Various studies, including randomized controlled trials and meta-analyses, have examined the efficacy of neurofeedback as a viable option for treating ADHD in relation to pharmacological treatment, and the results to date have been promising (Arns, de Ridder, Strehl, Breteler, & Coenen, 2009; Arns, Heinrich, & Strehl, 2014; Duric, Assmus, Gundersen, & Elgen, 2012; Leins et al., 2007; Lofthouse et al., 2012). In a randomized controlled trial, neurofeedback training was found to be superior to computerized attention skills training (Gevensleben et al., 2009). Duric et al. (2012) found in a controlled and randomized clinical trial that neurofeedback treatment seemed to improve the core symptoms of ADHD, as assessed by parental reports. When neurofeedback was administered in conjunction with pharmacological treatment, the originally prescribed medication dose was observed to decrease (Lora & Moreno, 2011), while Meisel, Servera, Garcia-Banda, Cardo, and Moreno (2013) showed that effects were maintained for 6 months following treatment. Moreno-Garcia, Delgado-Pardo, Camacho-Vara de Rey, Meneres-Sancho, and Servera-Barceló (2015) showed that neurofeedback, pharmacological treatment, and behavioral therapy are effective and cause similar effects as represented in a specific electroencephalographic measure (theta/beta ratio).

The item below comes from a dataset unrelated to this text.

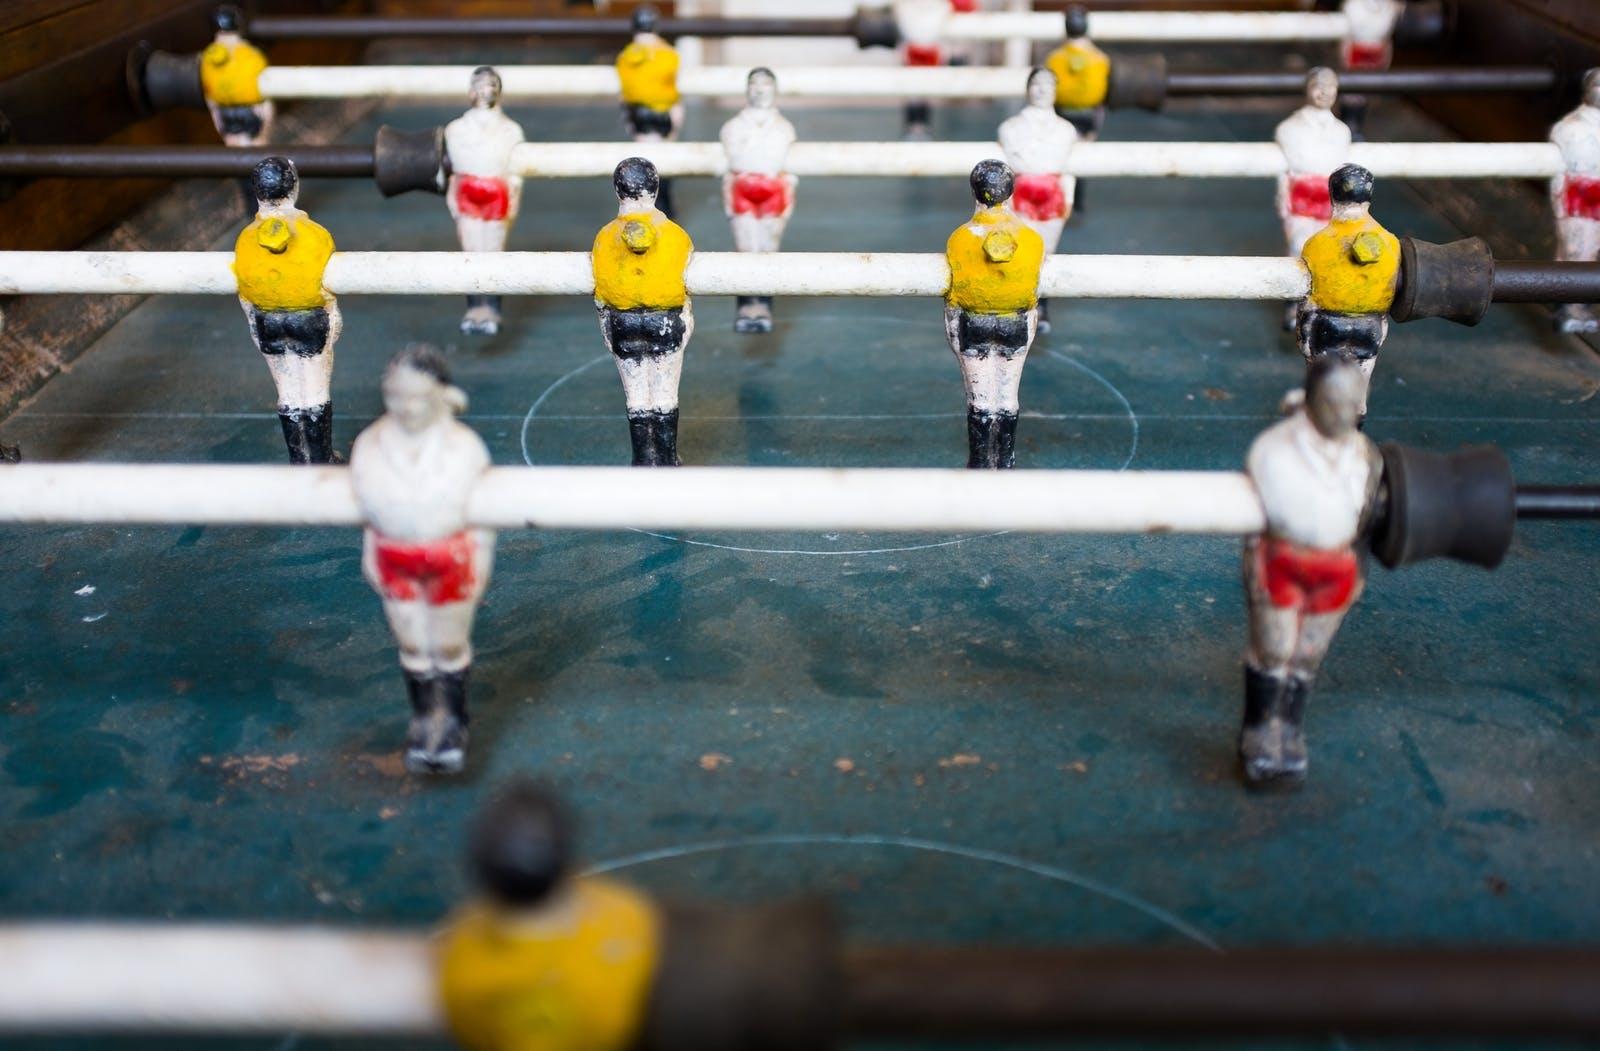 osservare concorrenza per definire target clienti

However, conclusions about the effectiveness of neurofeedback, especially compared with the most commonly accepted treatments (pharmacology [PH] and behavior therapy [BT]), remain controversial. For example, in their respective revisions, Pigott and Cannon (2014) concluded that neurofeedback is a useful treatment in place of stimulant medication and behavior therapy as first-line treatments, while Loo and Makeig (2012) only recognized that in recent years, despite the considerable growth in the number and quality of research reports on neurofeedback, the studies reviewed did not yet support this treatment as a first-line, stand-alone modality. In a similar vein, the Society of Clinical Child and Adolescent Psychology considers neurofeedback to be at Level 3, as a “possibly efficacious treatment” of ADHD (Evans, Owens, & Bunford, 2014). Therefore, many more studies are needed to know whether neurofeedback can level up.

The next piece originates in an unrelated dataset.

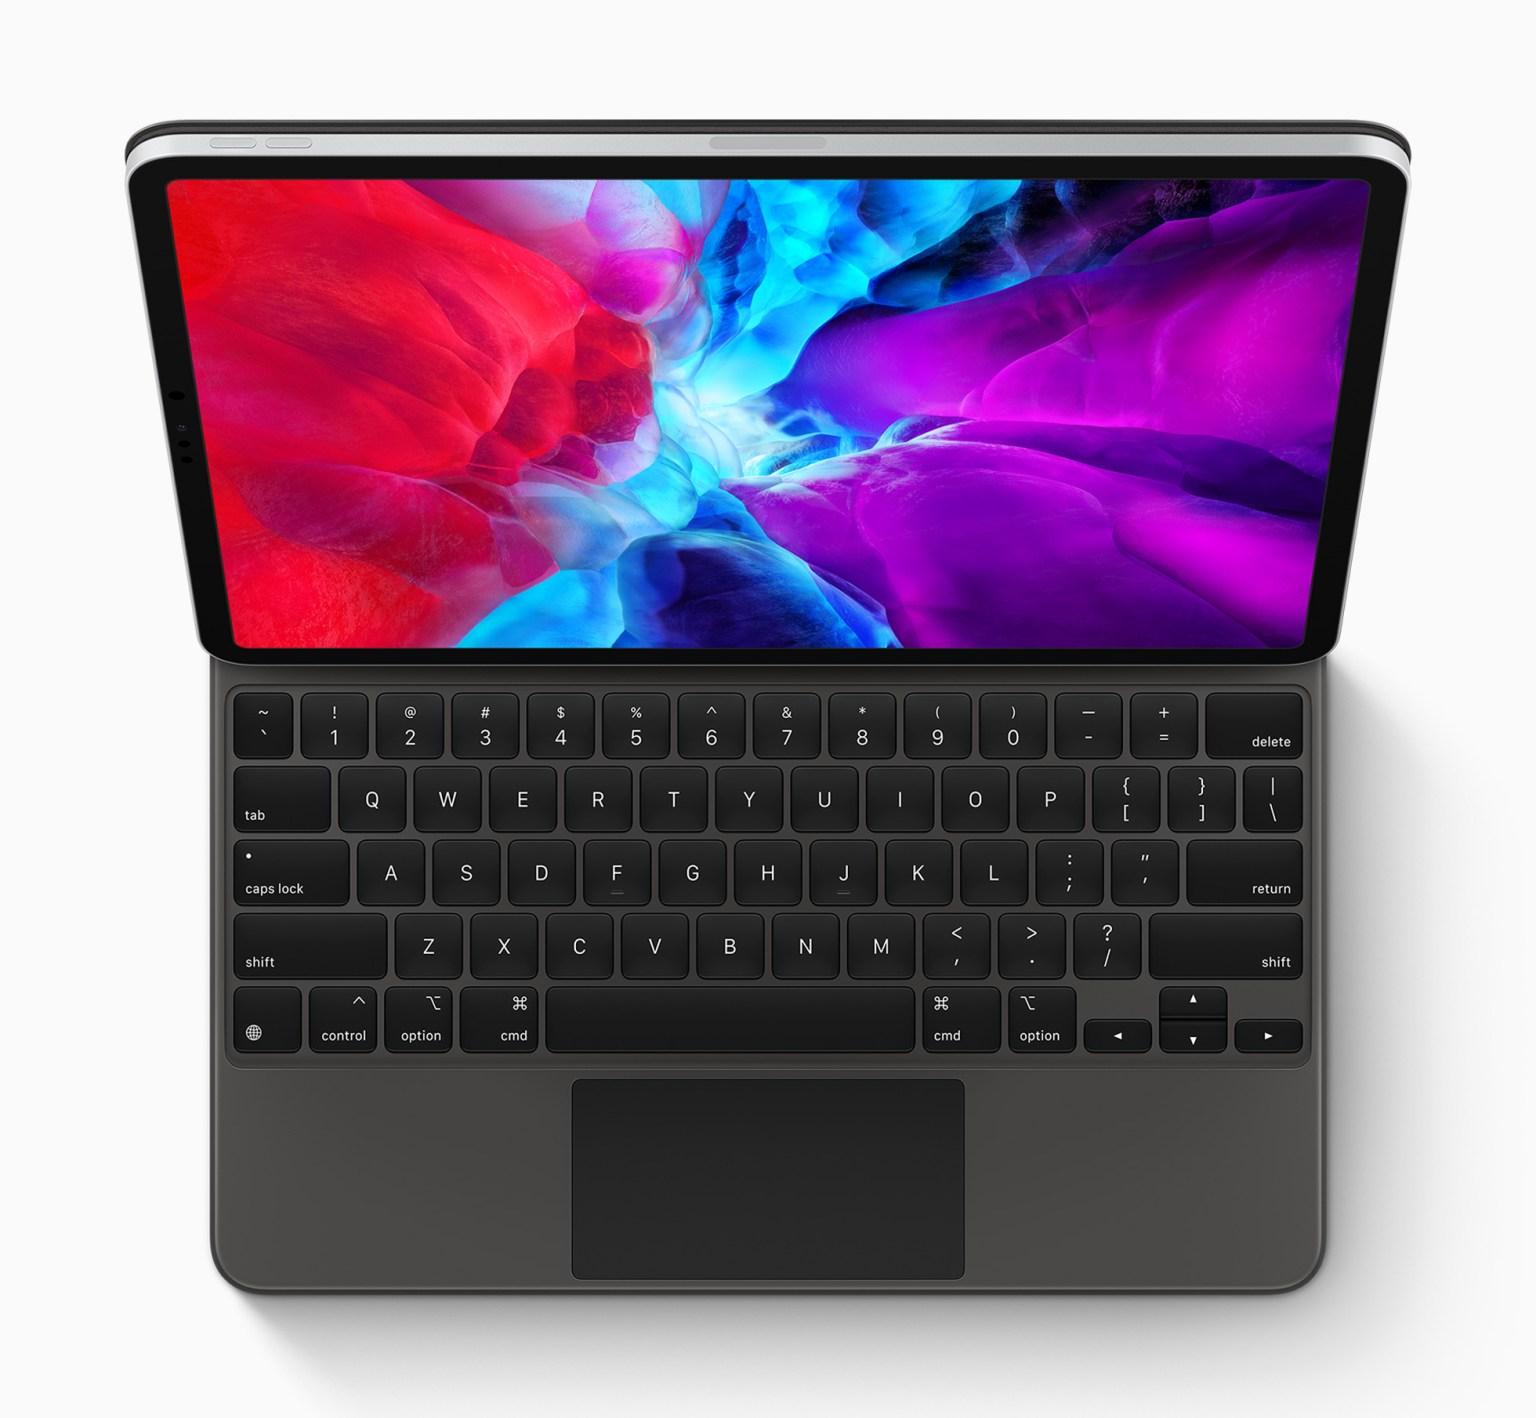 Apple new ipad pro keyboard 03182020

One of the main methodological issues encountered when comparing the effectiveness of these treatments could be the use of different measures of ADHD symptoms. Rating scales for parents and teachers have been the most common procedure and often the only one used. However, it seems advisable to add at least some neuropsychological task. For example, the Integrated Visual and Auditory Continuous Performance Test (IVA/CPT; Sandford & Turner, 2002) has been used to define attention and behavior problems by comparing children with a diagnosis of ADHD with children with no history of the disorder (Moreno-García, Delgado-Pardo, & Roldán-Blasco, 2015) and to evaluate the efficacy of neurofeedback (Moreno, Delgado, Aires, & Meneres, 2013; Yan et al., 2008).

In the aforementioned context, the purpose of this study was to compare the differential efficacies of neurofeedback, pharmacological intervention, and behavior therapy in the reduction of ADHD symptoms as measured by rating scales and neuropsychological variables. The specific objectives included the following: (a) determine the ability of neurofeedback, behavior therapy, and pharmacological treatment to reduce ADHD symptomatology using computerized (IVA/CPT) assessment tools and rating scales administered to parents and teachers; and (b) compare the effects of neurofeedback versus behavior therapy and pharmacological treatment on attentional and behavioral variables from three independent sources of information: children with a diagnosis of ADHD, parents, and teachers.

Method

Participants

In the screening phase, 146 children with ADHD were recruited from the pediatric primary care units of Sevilla South Sanitary District (Seville, Spain). Of these children, 35 declined to participate, and 52 were excluded for not meeting the inclusion criteria (see Figure 1): (a) being between 7 and 14 years old, (b) presenting a score above the 90th percentile on the teacher version of the ADHD Rating Scale–IV (ADHD RS-IV) and above the 80th percentile on the parent version, (c) patients being drug naïve before the first consultation, (d) presenting no evidence of psychiatric disability or mental retardation (Kauffman Brief Intelligence Test), (e) presenting no comorbid disorders with ADHD (Child Behavior Checklist, CBCL), and (f) having no patient past or present medical illness or chronic medical condition that could contraindicate pharmacological treatment.

Figure 1.

Distribution of study participants.

The remaining 59 children were randomized to one of the conditions of administered treatments. During treatment two children dropped out. Therefore, 57 children completed the study (19 in each of the three treatment conditions). The Human Research Ethics Committee of the University of Seville previously approved this investigation, and informed consent was obtained in all cases. Table 1 contains the participants’ descriptive data.

Table 1.

Participant Demographic and Clinical Characteristics.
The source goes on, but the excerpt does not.